Parameters: file (BinaryIO) – a finalfusion file containing the given Chunk
Returns: chunk – The chunk read from the file.
Return type: Chunk

write_chunk(file: BinaryIO)[source]¶

Write the Chunk to a file.

Parameters: file (BinaryIO) – Output file for the Chunk

static chunk_identifier()[source]¶

Get the ChunkIdentifier for this Chunk.

Returns: chunk_identifier
Return type: ChunkIdentifier

idx(item: str, default: Optional[Union[int, List[int]]] = None) → Optional[Union[int, List[int]]]¶

Lookup the given query item.

This lookup does not raise an exception if the vocab can’t produce indices.

Parameters

item (str) – The query item.
default (Optional[Union[int, List[int]]]) – Fall-back value to return if the vocab can’t provide indices.

Returns

index –

An integer if there is a single index for a known item.
A list if the vocab can provide subword indices for a unknown item.
The provided default item if the vocab can’t provide indices.

Return type

Optional[Union[int, List[int]]]

property max_n¶

Get the upper bound of the range of extracted n-grams.

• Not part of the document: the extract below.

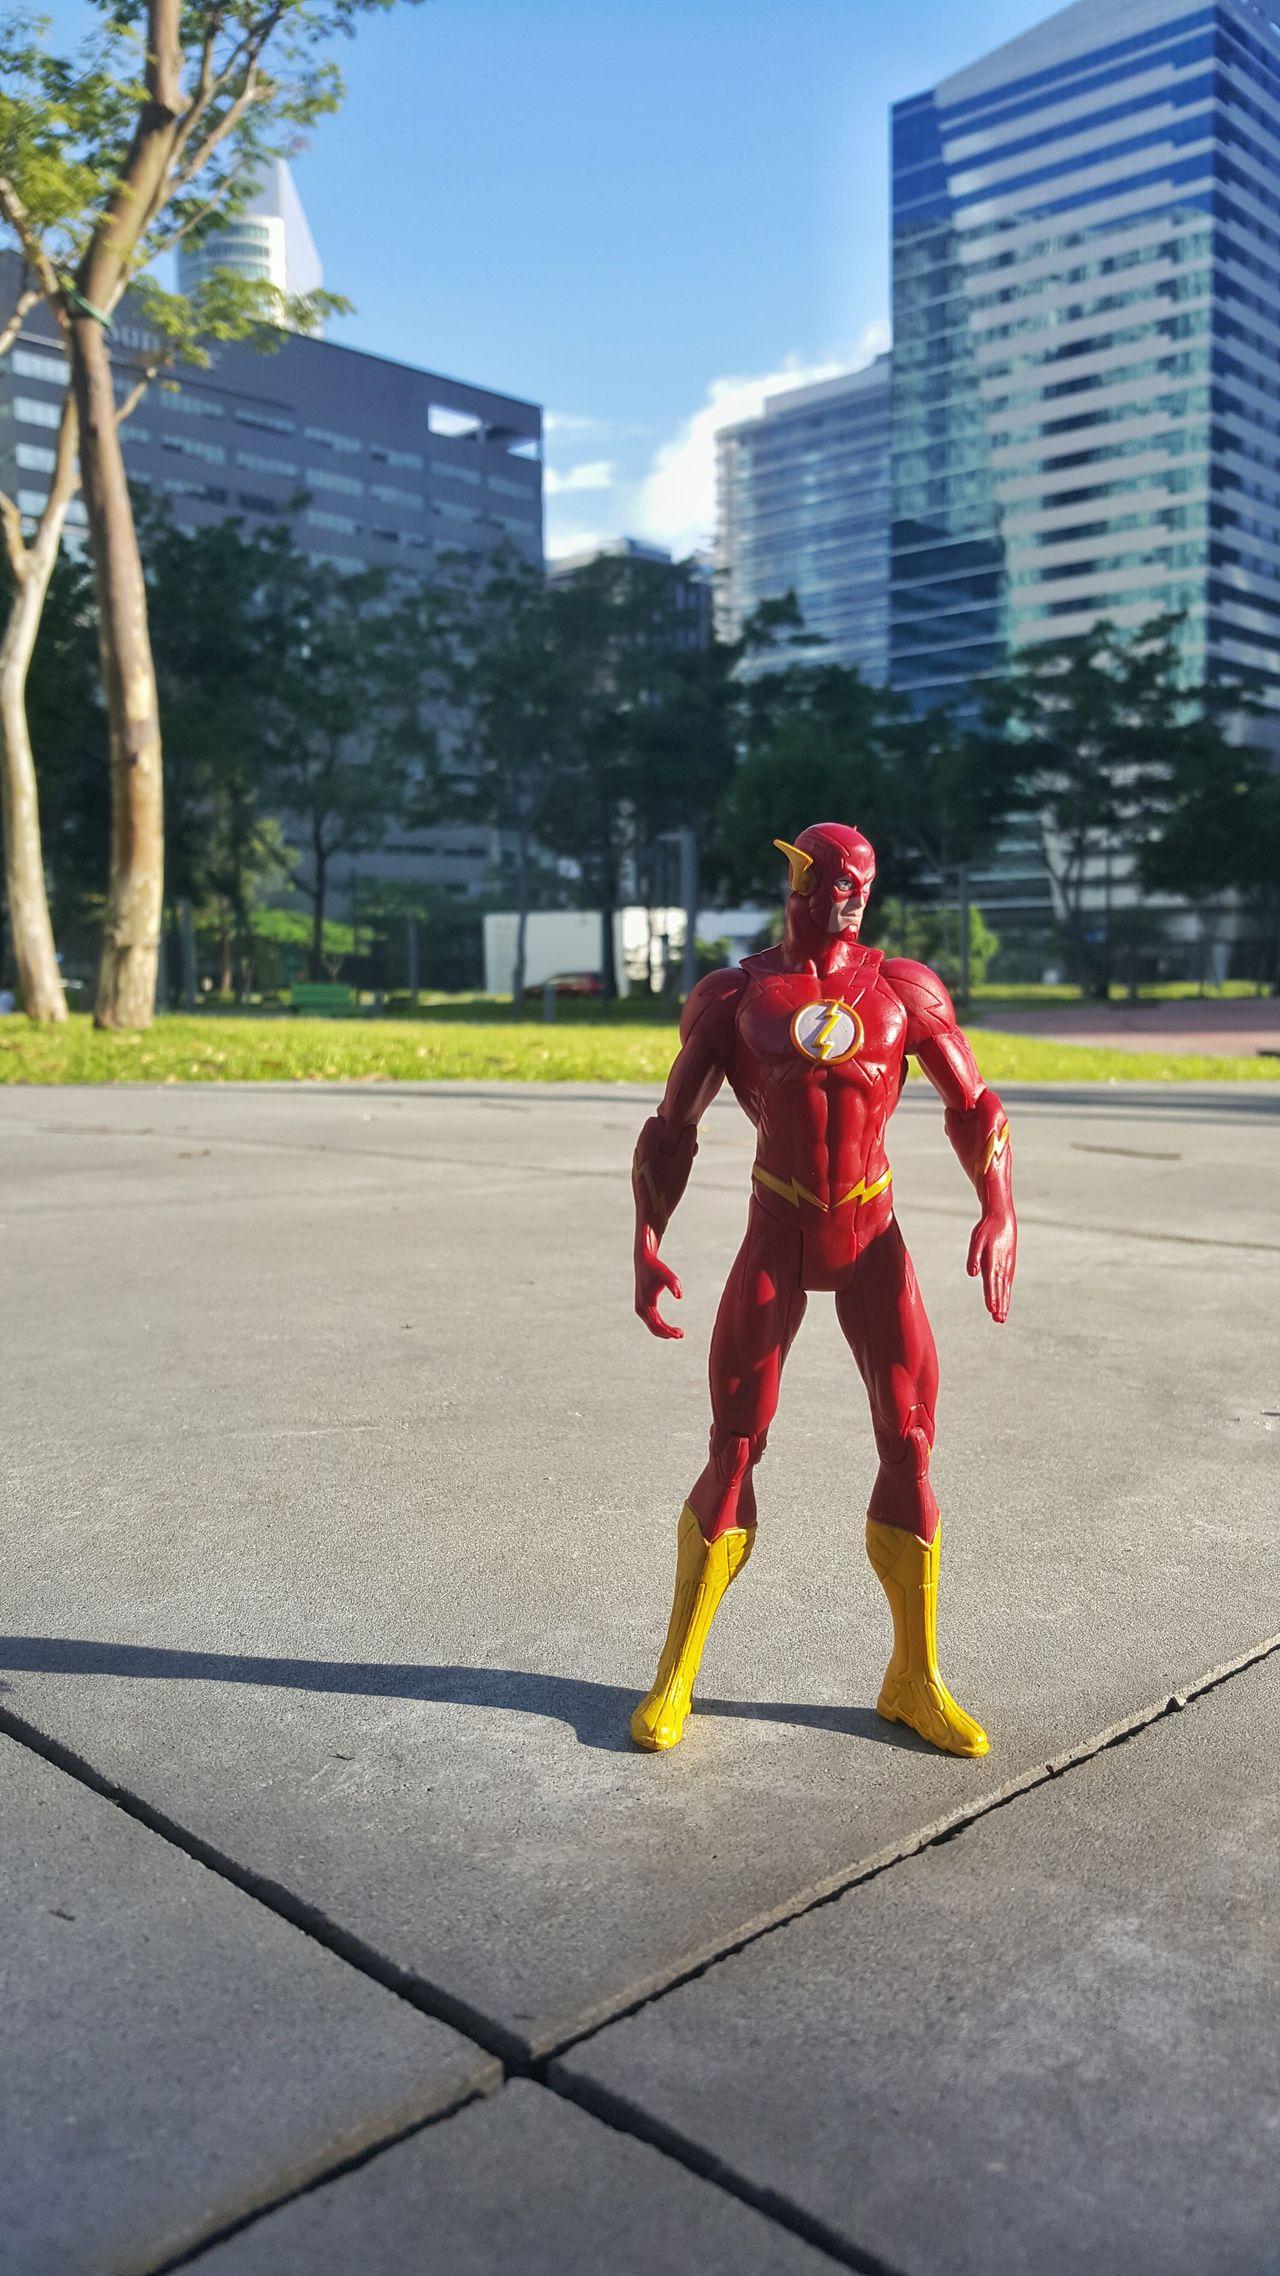 Speedster in the city EyeEm Gallery EyeEm Best Shots Toystory Toys4Me Justice League EyeEmBestPics Toyphotography Toy Photography Eyeem Philippines EyeEm Phillipines

Returns: max_n – upper bound of n-gram range.
Return type: int

property min_n¶

Get the lower bound of the range of extracted n-grams.

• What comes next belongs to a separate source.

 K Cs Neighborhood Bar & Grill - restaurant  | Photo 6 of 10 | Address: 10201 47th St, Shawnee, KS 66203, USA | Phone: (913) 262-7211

Returns: min_n – lower bound of n-gram range.
Return type: int

subword_indices(item: str, bracket: bool = True, with_ngrams: bool = False) → List[Union[int, Tuple[str, int]]]¶

Get the subword indices for the given item.

This list does not contain the index for known items.

Parameters

item (str) – The query item.
bracket (bool) – Toggles bracketing the item with ‘<’ and ‘>’ before extraction.
with_ngrams (bool) – Toggles returning ngrams together with indices.

Returns

indices – The list of subword indices.

Return type

List[Union[int, Tuple[str, int]]]

subwords(item: str, bracket: bool = True) → List[str]¶

Get the n-grams of the given item as a list.

The n-gram range is determined by the min_n and max_n values.

Parameters

item (str) – The query item to extract n-grams from.
bracket (bool) – Toggles bracketing the item with ‘<’ and ‘>’ before extraction.

Returns

ngrams – List of n-grams.

Return type

List[str]

property upper_bound¶

The exclusive upper bound of indices in this vocabulary.

Returns: upper_bound – Exclusive upper bound of indices covered by the vocabulary.
Return type: int

write(file: Union[str, bytes, int, os.PathLike])¶

Write the Chunk as a standalone finalfusion file.

Parameters: file (Union[str, bytes, int, PathLike]) – Output path
Raises: TypeError – If the Chunk is a Header.

finalfusion.vocab.subword.load_fasttext_vocab(file: Union[str, bytes, int, os.PathLike]) → finalfusion.vocab.subword.FastTextVocab [source]¶

Load a FastTextVocab from the given finalfusion file.

Parameters: file (str, bytes, int, PathLike) – Path to file containing a FastTextVocab chunk.
Returns: vocab – Returns the first FastTextVocab in the file.
Return type: FastTextVocab